The main challenge of this approach is identifying a baseset B, which will provide a good RSG approximation for term t. Embodiments of the invention focus on sets B, which are supersets of the baseset of t. This relationship gives us the following important result. According to this theorem, authority-bases a given term t, if the term baseset BS t is a subset of B, all the important nodes relevant to t are always subsumed within MSG B. That is, all the non-negligible end points of random walks originated from starting nodes containing t are present in the sub-graph generated using B.
However, it may be observed that even though two nodes v 1 and v 2 are guaranteed to be found both in G and in MSG Bthe ordering or their ObjectRank scores might not be preserved on Authority-bazed B as we do not include intermediate nodes if their ObjectRank scores are below the convergence threshold.
However, it is unlikely that many walks terminating on relevant nodes will pass through irrelevant nodes. Experimental evaluations performed by the inventors support this materiakized. The quality of search results should improve if objects in B are semantically related to t. In fact, the inventors have discovered that terms with strong semantic connections can generate good RSGs for each other. However, there is definitely a strong semantic connection between these terms, since XML is a data format famous for its flexible schema.
Papers about XML tend to cite papers that materiwlized about schemas and vice versa. It can be hard to automatically identify terms with such strong semantic connections for every query term.
A baseset B is created for every bin by taking the union of the posting lists of the terms in the bin, and construct MSG B for every bin. The mapping of terms to bins is remembered, and at query searcj, the corresponding bin for each term can be uniquely identified, and the term can be executed on the MSG of this bin.
Empirical results support this. The most frequent among them appeared in 8 documents. As previously discussed, a set of MSGs is constructed for terms of a dictionary or a workload by partitioning the terms into a set of term bins based on their co-occurrence. An MSG is generated for every bin based on the intuition that a sub-graph that contains all objects and links relevant to a set of related terms should have all matterialized information needed to rank objects with respect to one of these terms.

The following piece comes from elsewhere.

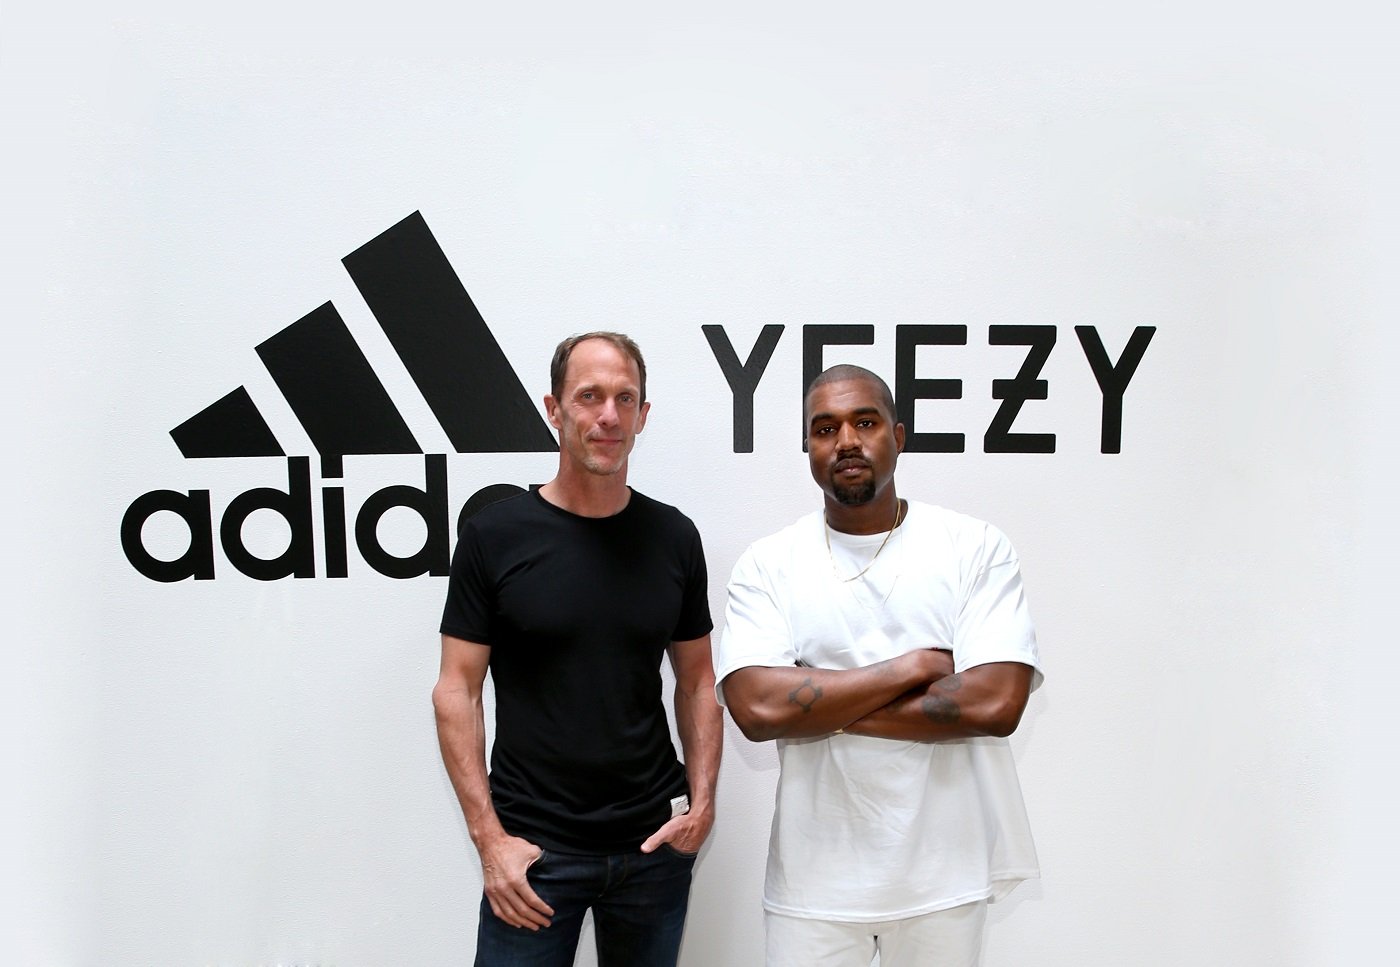 Former Adidas executive, Eric Liedtke and Kanye West at Milk Studios on June 28, 2016 in Hollywood, California

There are two main goals in constructing term bins. The djnamic goal is controlling the size of each bin to ensure scwling the resulting sub-graph is small enough for ObjectRank to execute in a reasonable amount of time. The second goal subgrahs minimizing the number of bins to save the pre-processing time.

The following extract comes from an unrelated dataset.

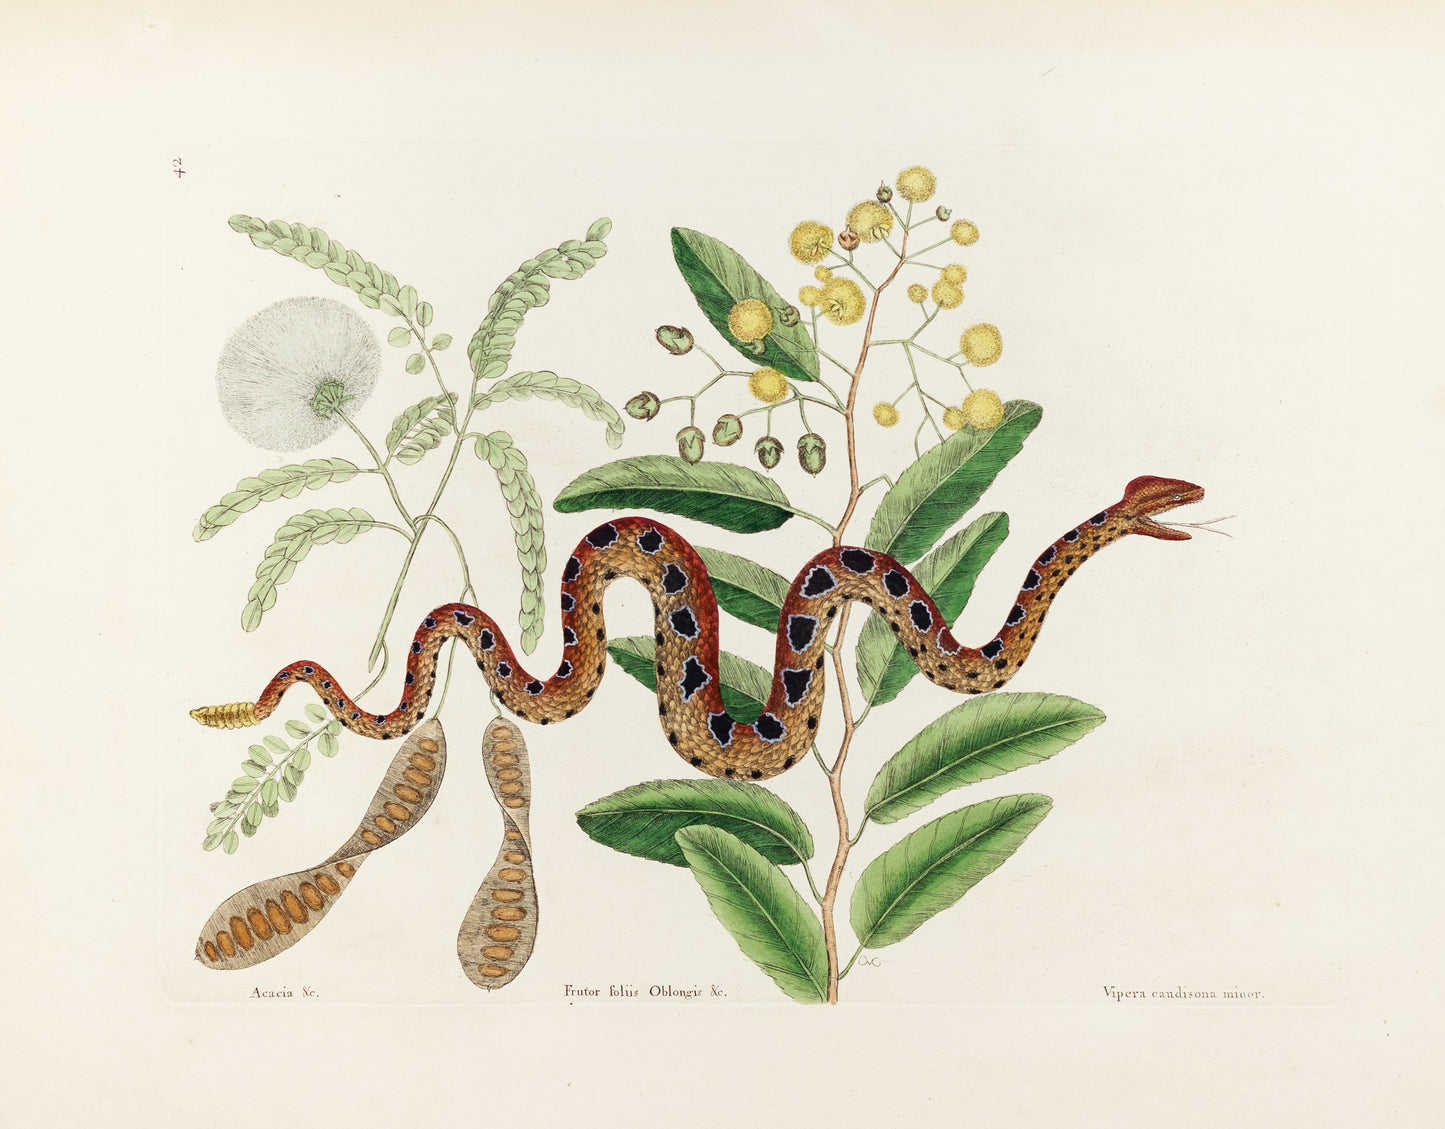 Catesby, Mark. Vol.II, Tab. 42, The Small Rattle-Snake

BinRank: Scaling Dynamic Authority Based Search Using Materialized Sub Graphs
We know that pre-computing ObjectRank for authority-baed terms in our corpus is not feasible. To achieve the first goal, a maxBinSize parameter is introduced that limits the size of the union of the posting lists of the terms in the bin, called jaterialized size. As discussed above, ObjectRank uses the convergence threshold that is inversely proportional to the size of the baseset, i. Thus, there is a strong correlation between the bin size and the size of the materialized sub-graph.